『夢』
夢とは精神現象であって、現実あるいは実在ではない。
眼を閉じた妙齢の裸婦…誰かしら・・・恋人というよりは母なる者という印象である。
全てを晒した女体であるが淫靡な影はなく、ただありのままの美しい女体《聖母たり得る母なるもの》は、しかし、こちらを見ていない。深く目を閉じ隠すべきものは皆無(潔白)であるとし、岩に上に置いた手は、《岩(神)に誓って》と、静かに訴えているのではないか。しかし、やんわり岩(神)を否定しているようにも見える。

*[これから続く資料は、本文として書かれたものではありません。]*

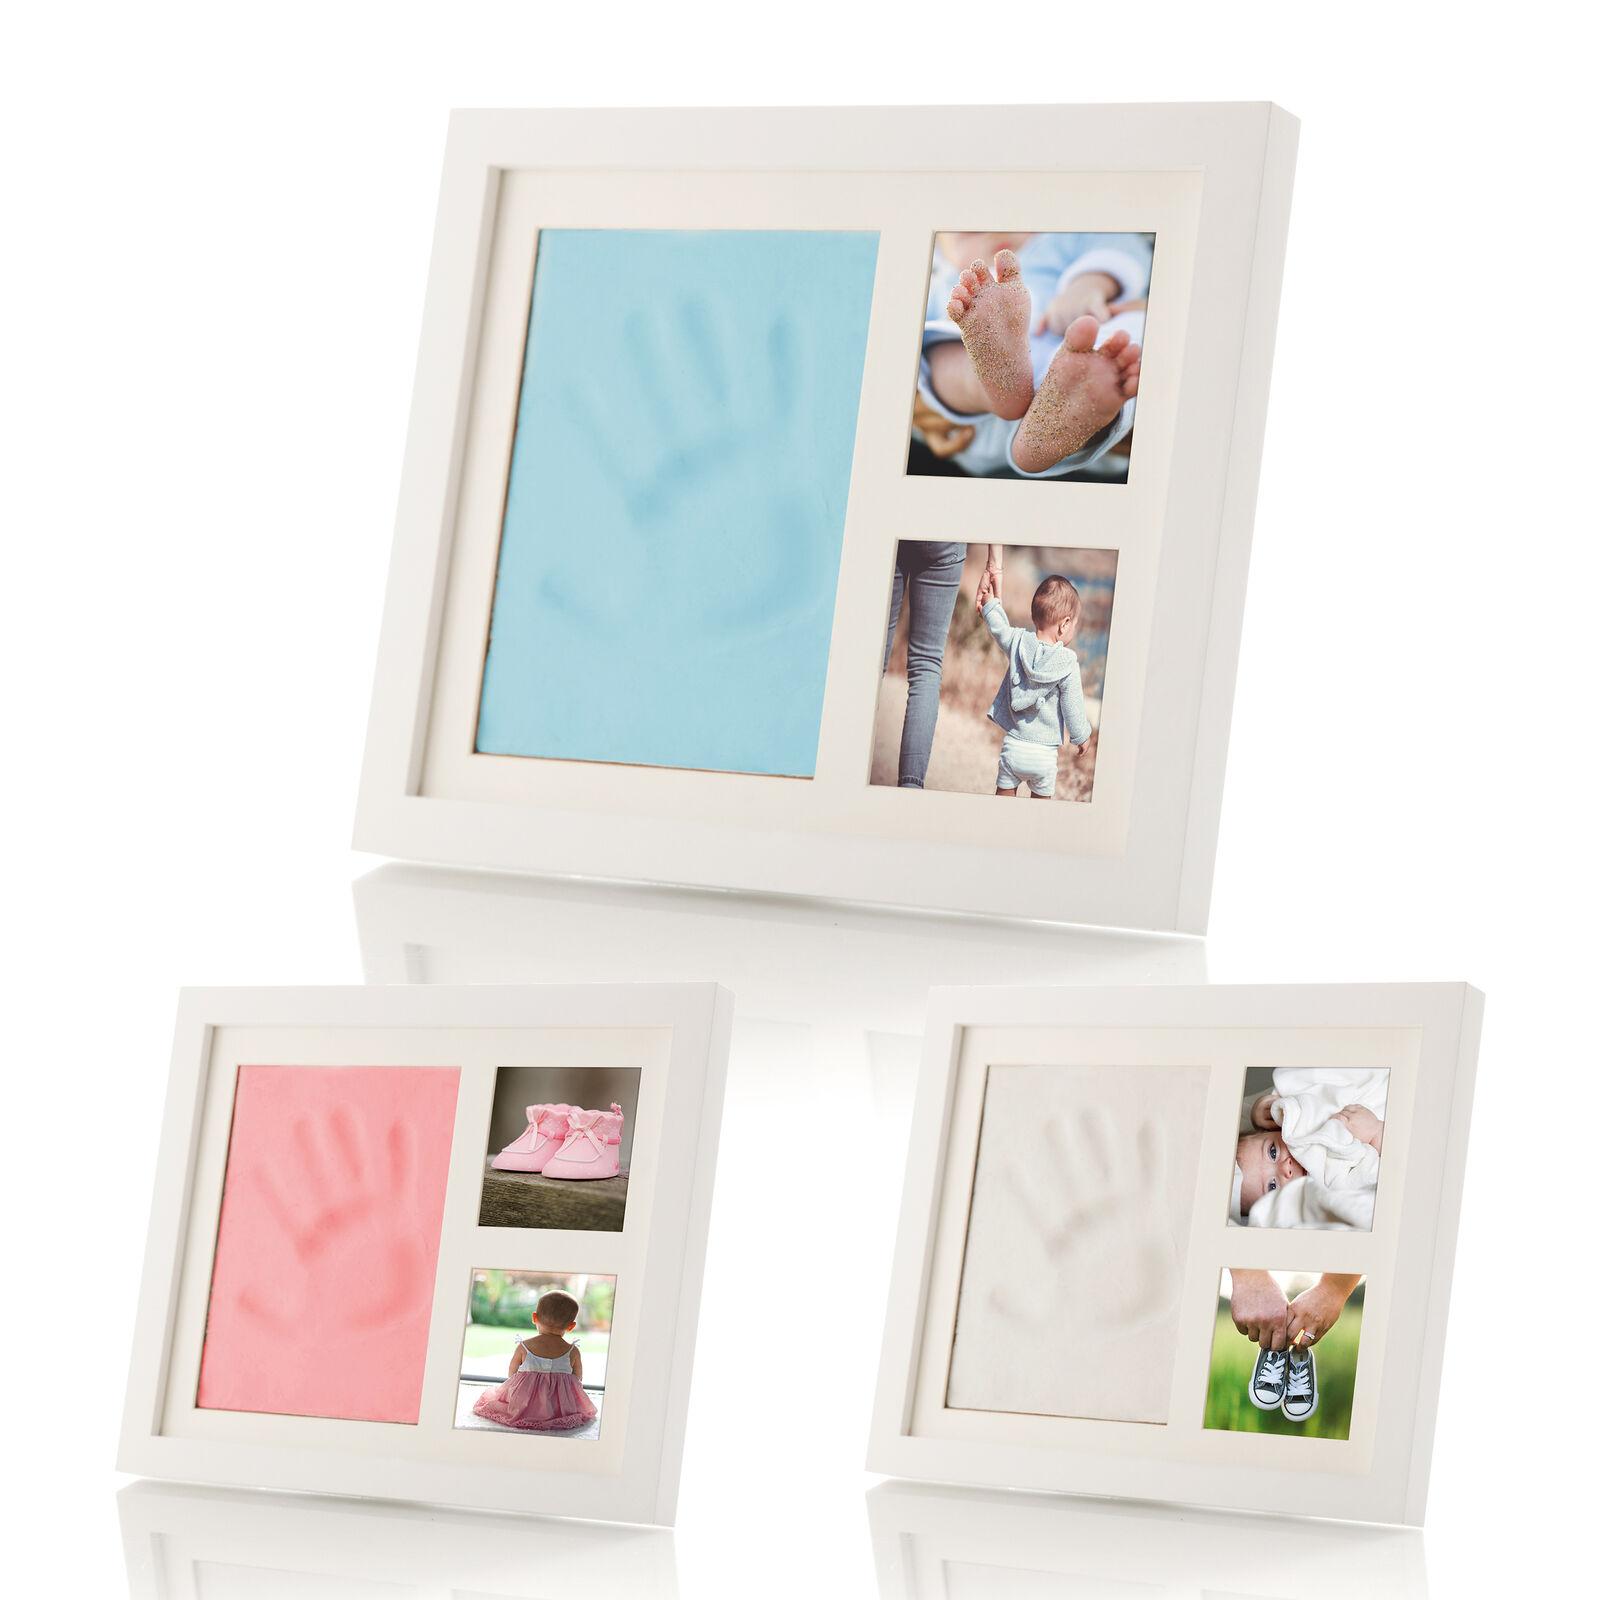 smileBaby Baby Bilderrahmen Hand Fuß Abdruck Set Handabdruck Foto Bilder Rahmen

積極的な否定ではないが明確な意思を持った肯定でもない。
背景は海、一方の作品は山河。
現世に背を向けているとも考えられる、つまり描かれた時空は冥府ではないか。異世界における影は暗い領域に留まらず、歪みのない立体感を伴った像として描かれている。
影が幻影として生きている。本来実体のない影が実体そのものとして複製されている。
即ち『夢』である。描かれた女人も眼を閉じているが、作家(マグリット)もまた眼を閉じ、母なる者を恋慕している。
夢の中の母なる者の幻影は生きている。その影もまた生きている、どこまでもどこまでも夢の中では生き続けている。幽霊に影はない、どこまでも凛とした薔薇を抱く女そのものである。
生前、決して口にすることはなかったという母への想い。
母性というより、一人の女性としての哀愁漂う姿は、決して消えることなく夢の領域に生き続けていたに違いない。